- **SOURCE MATERIAL**:
▼

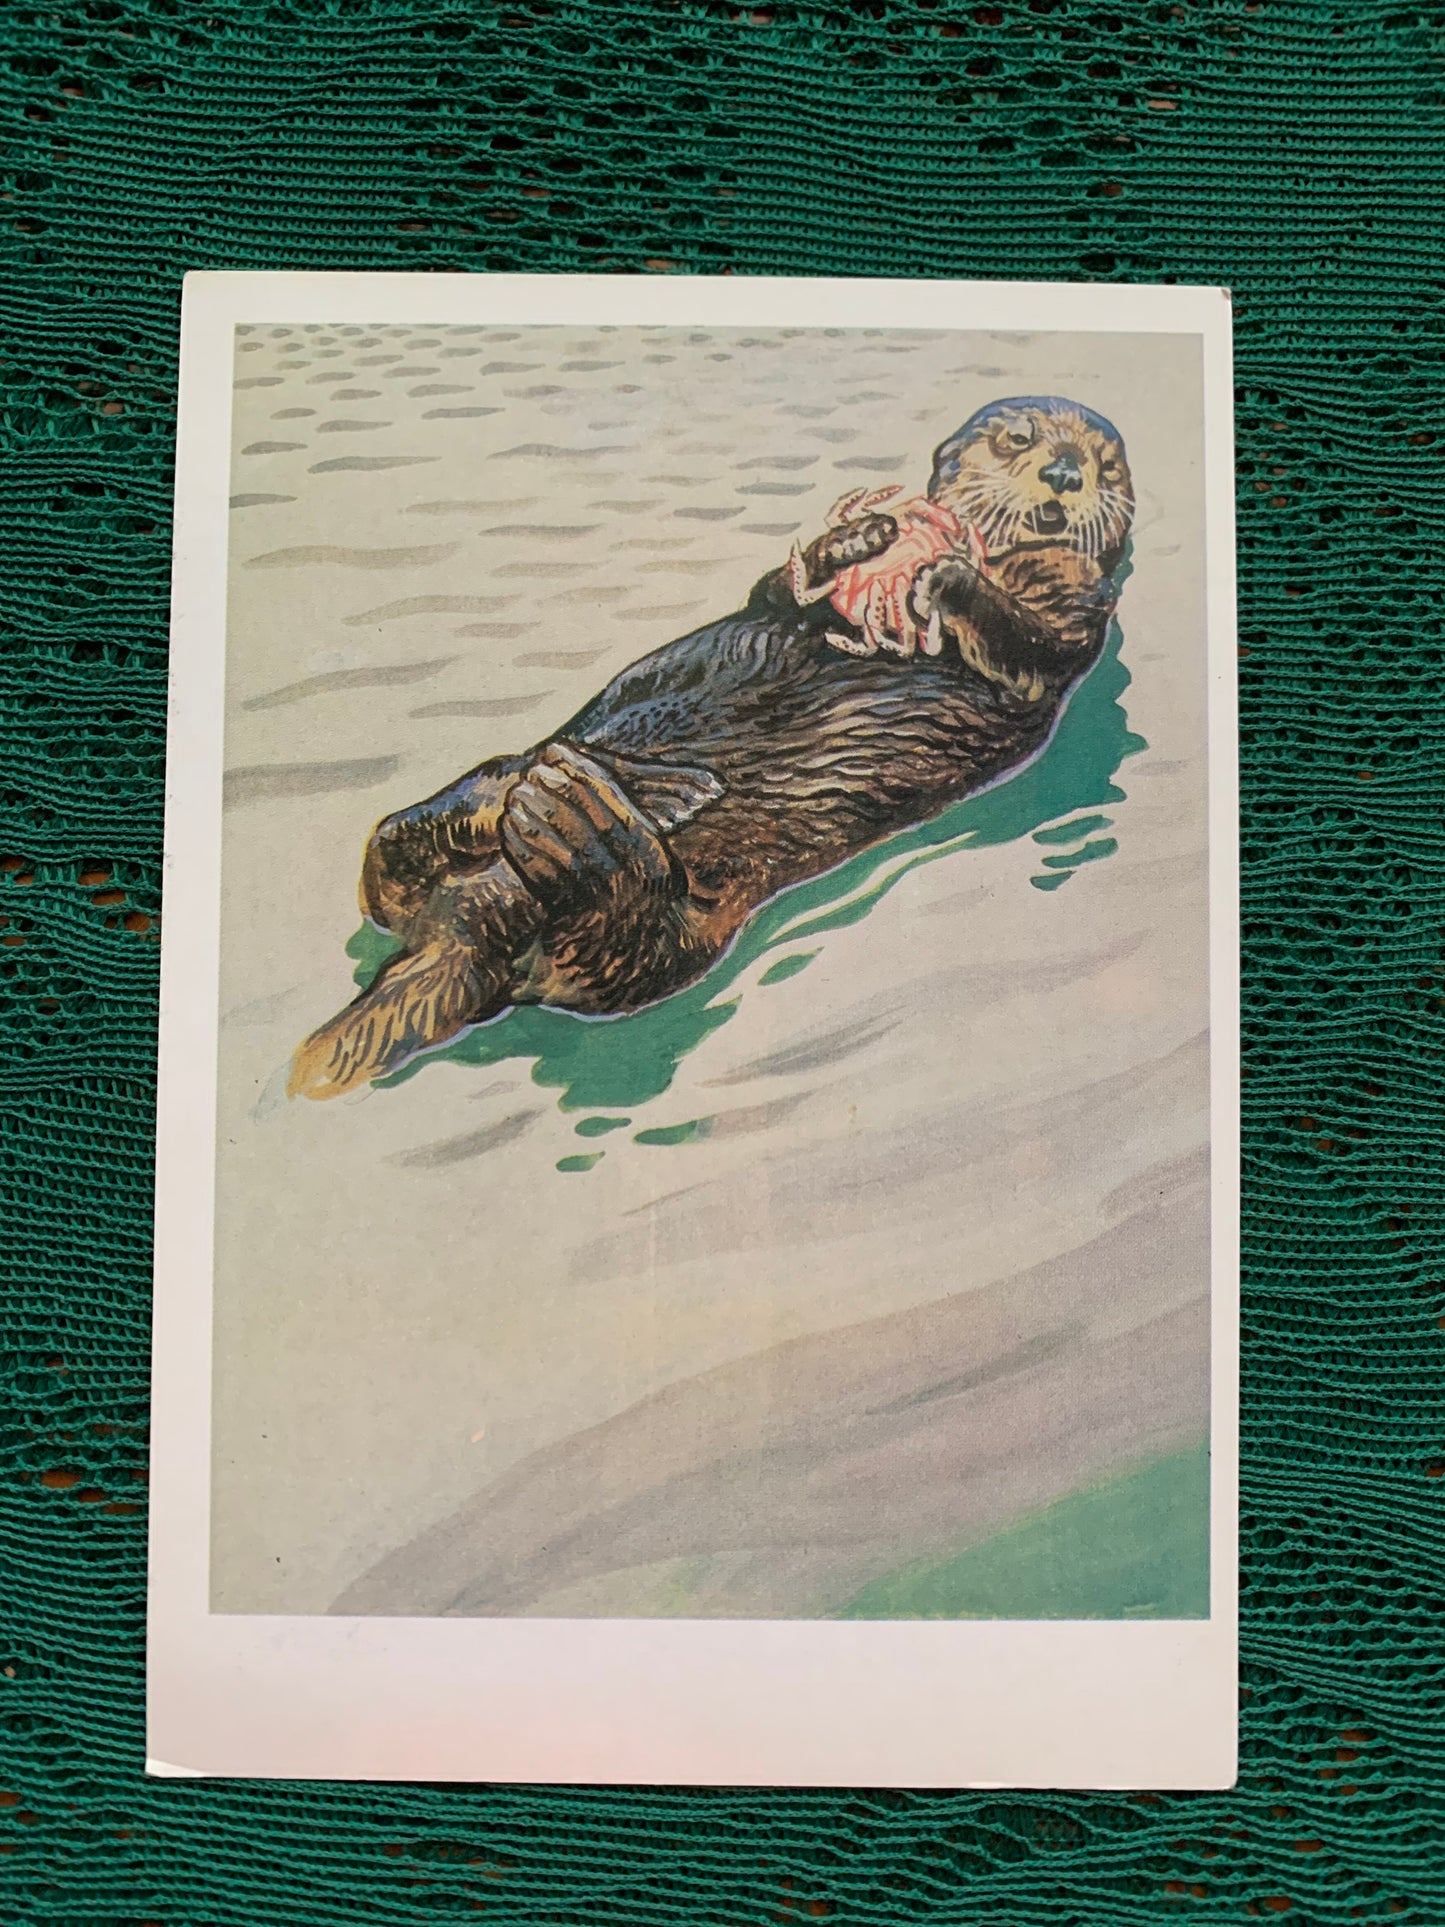 Russian art postcard - Artist V.Gorbatov - Sea otter (Enhydra lutris) - Animal postcard - Printed in USSR - 1990 - unused
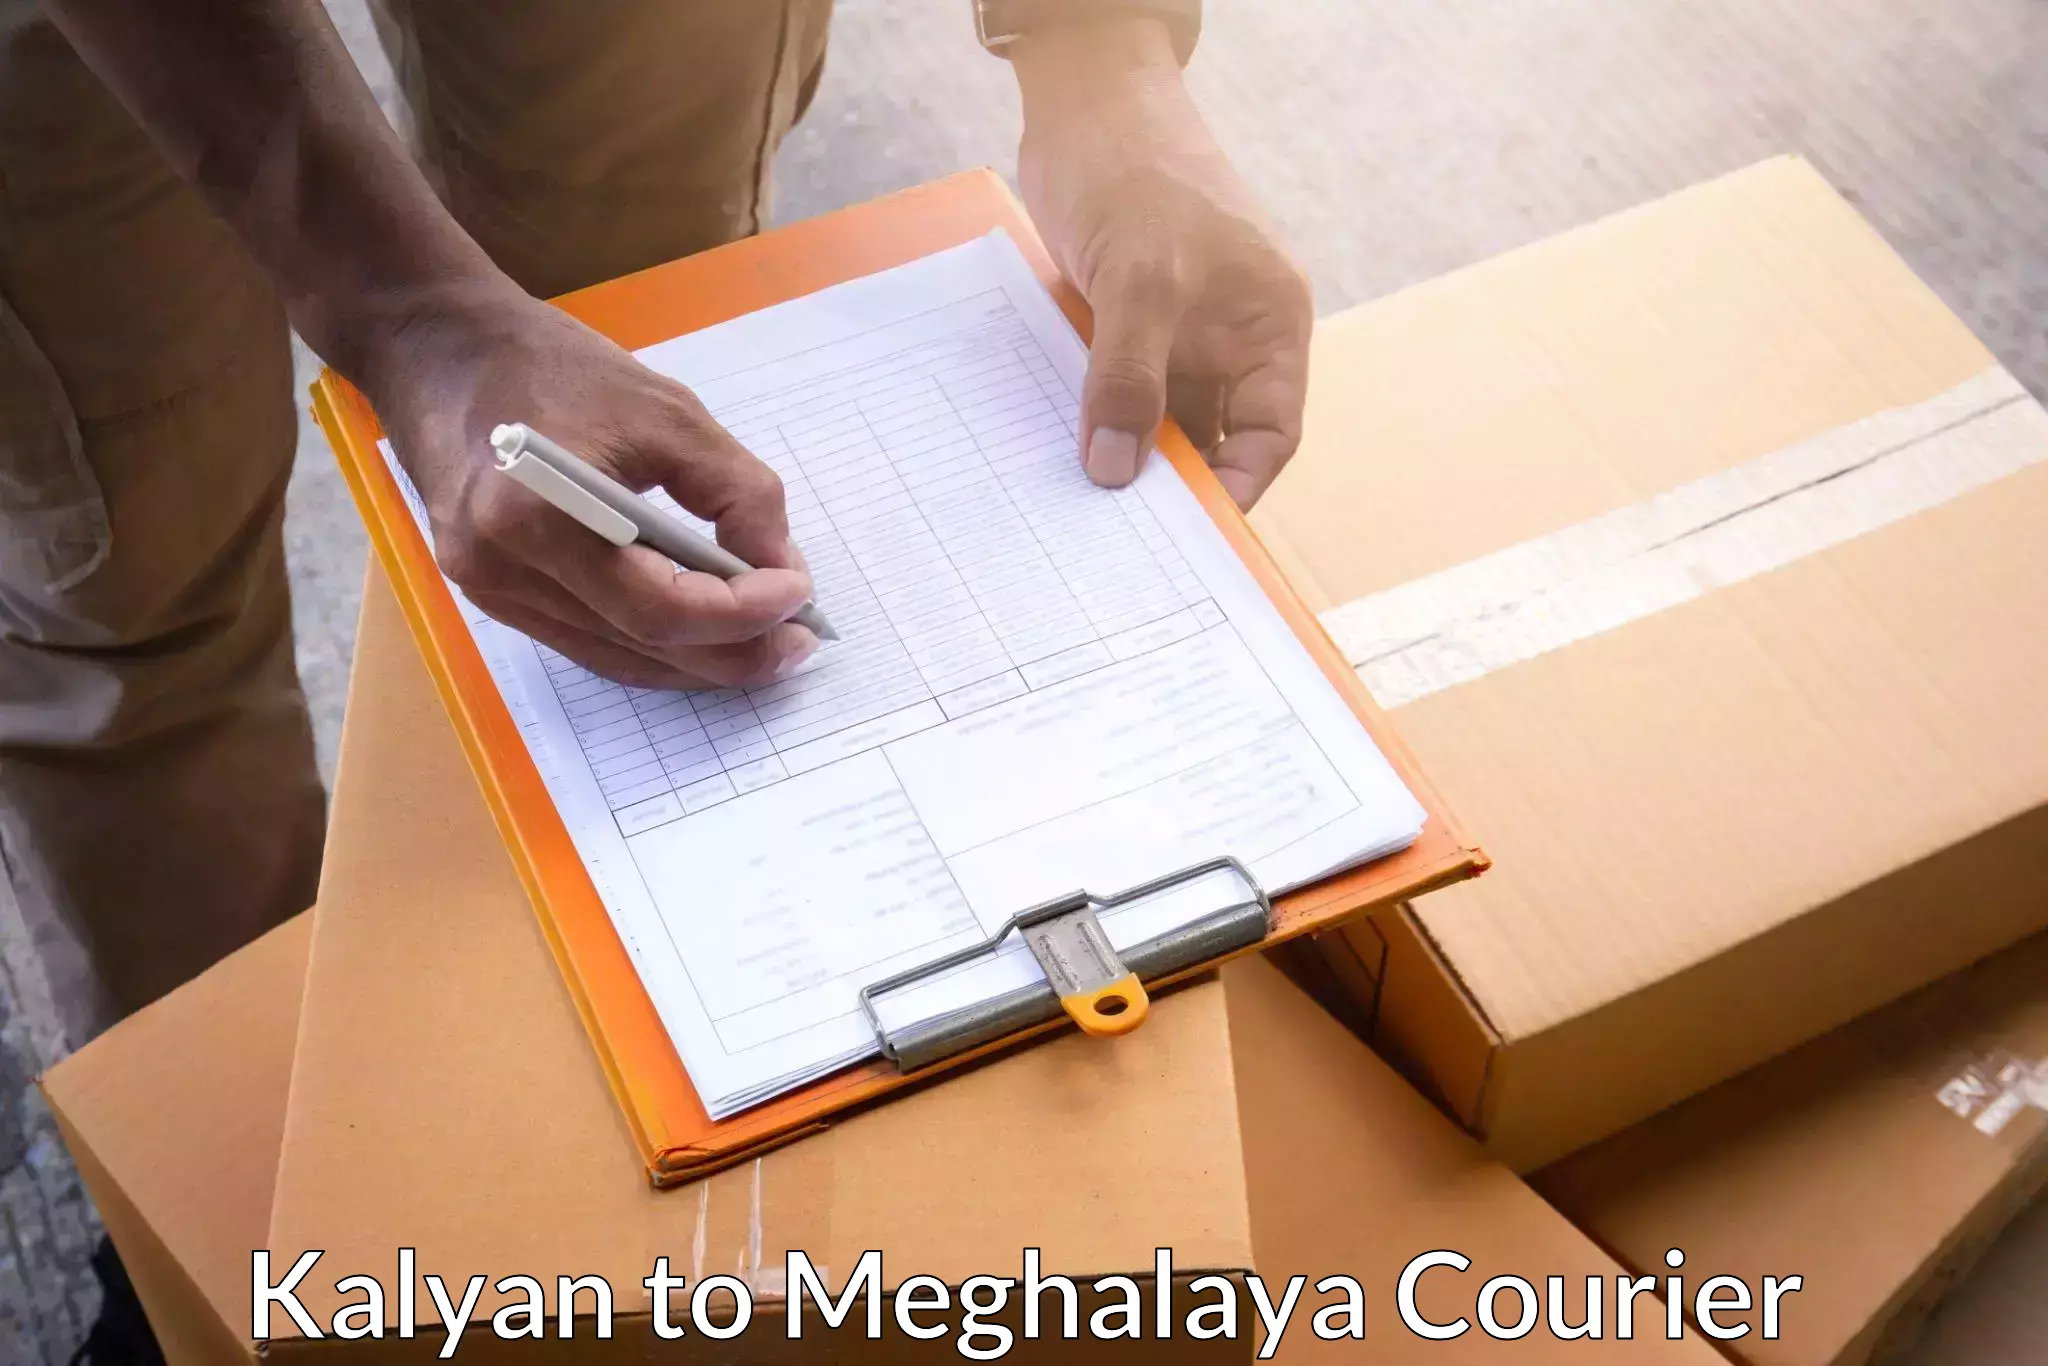 Digital courier platforms Kalyan to NIT Meghalaya
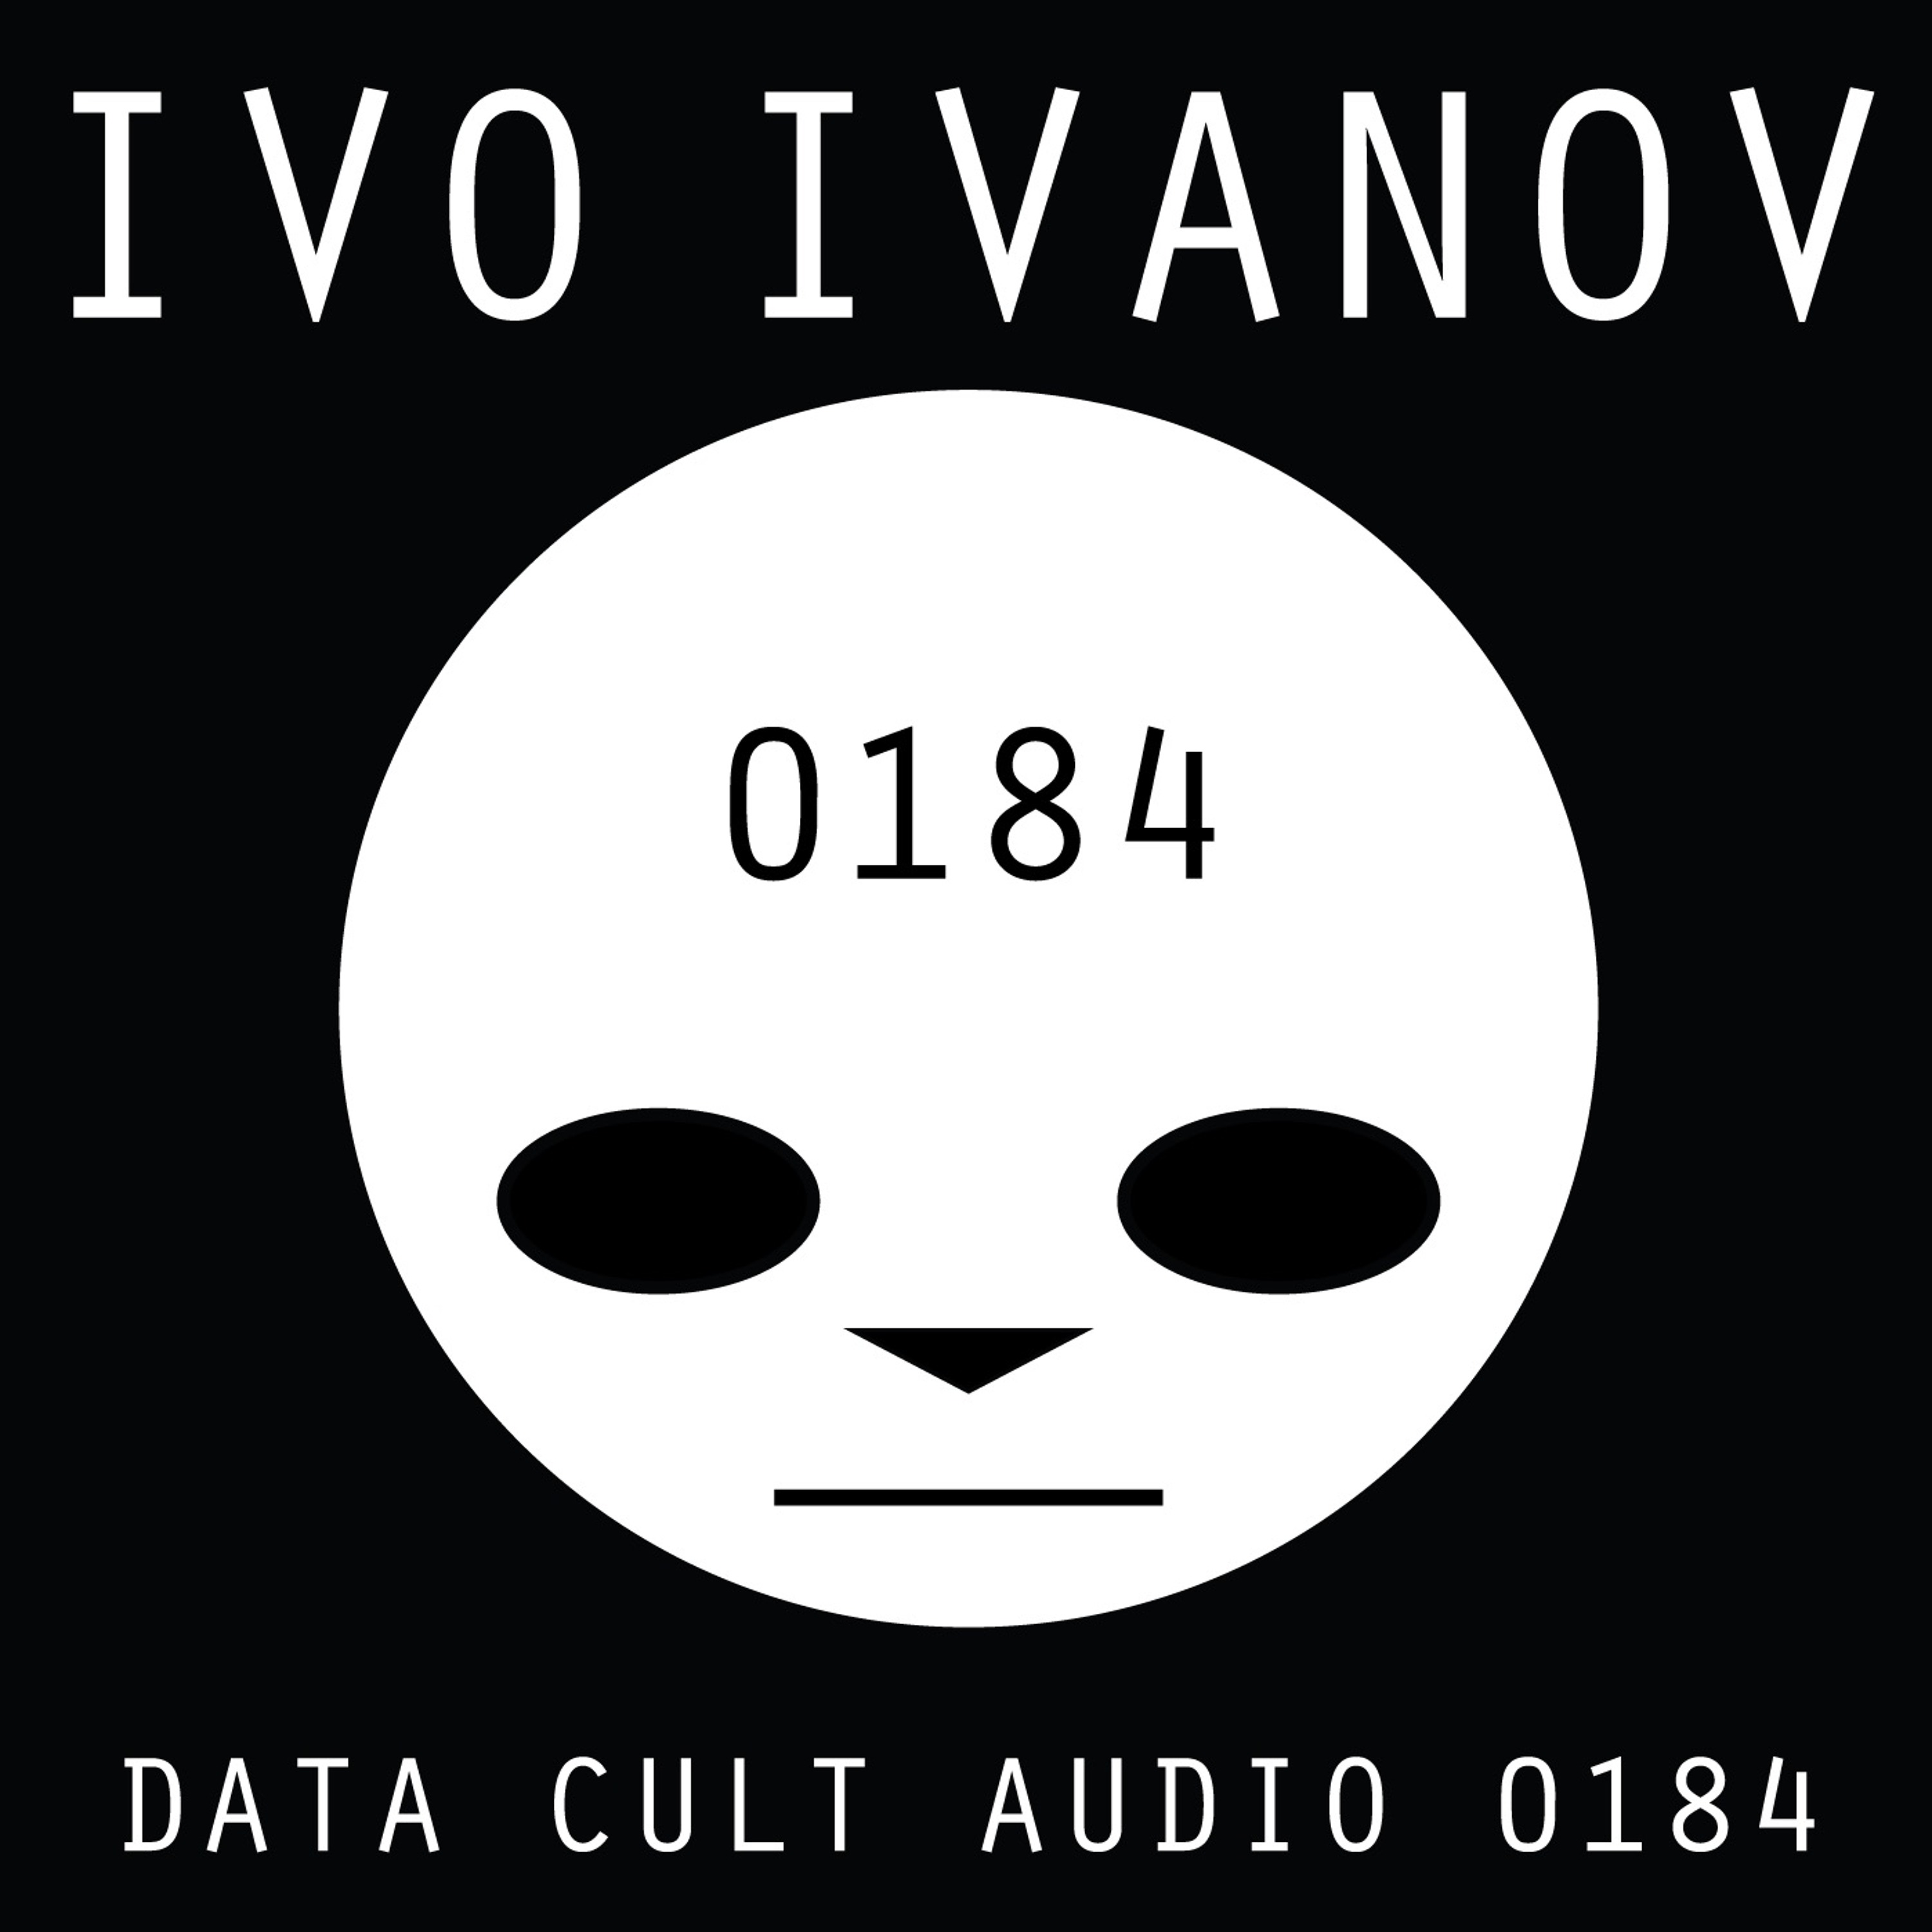 Data Cult Audio 0184 - Ivo Ivanov

▲

- **PROMPT**: "Digital courier platforms" marks the first line to be returned; return exactly that line and every line after it through the last line of the listing, omitting pictures.

- **RESPONSE BELOW**:
 Digital courier platforms Kalyan to NIT Meghalaya
 Data Cult Audio 0184 - Ivo Ivanov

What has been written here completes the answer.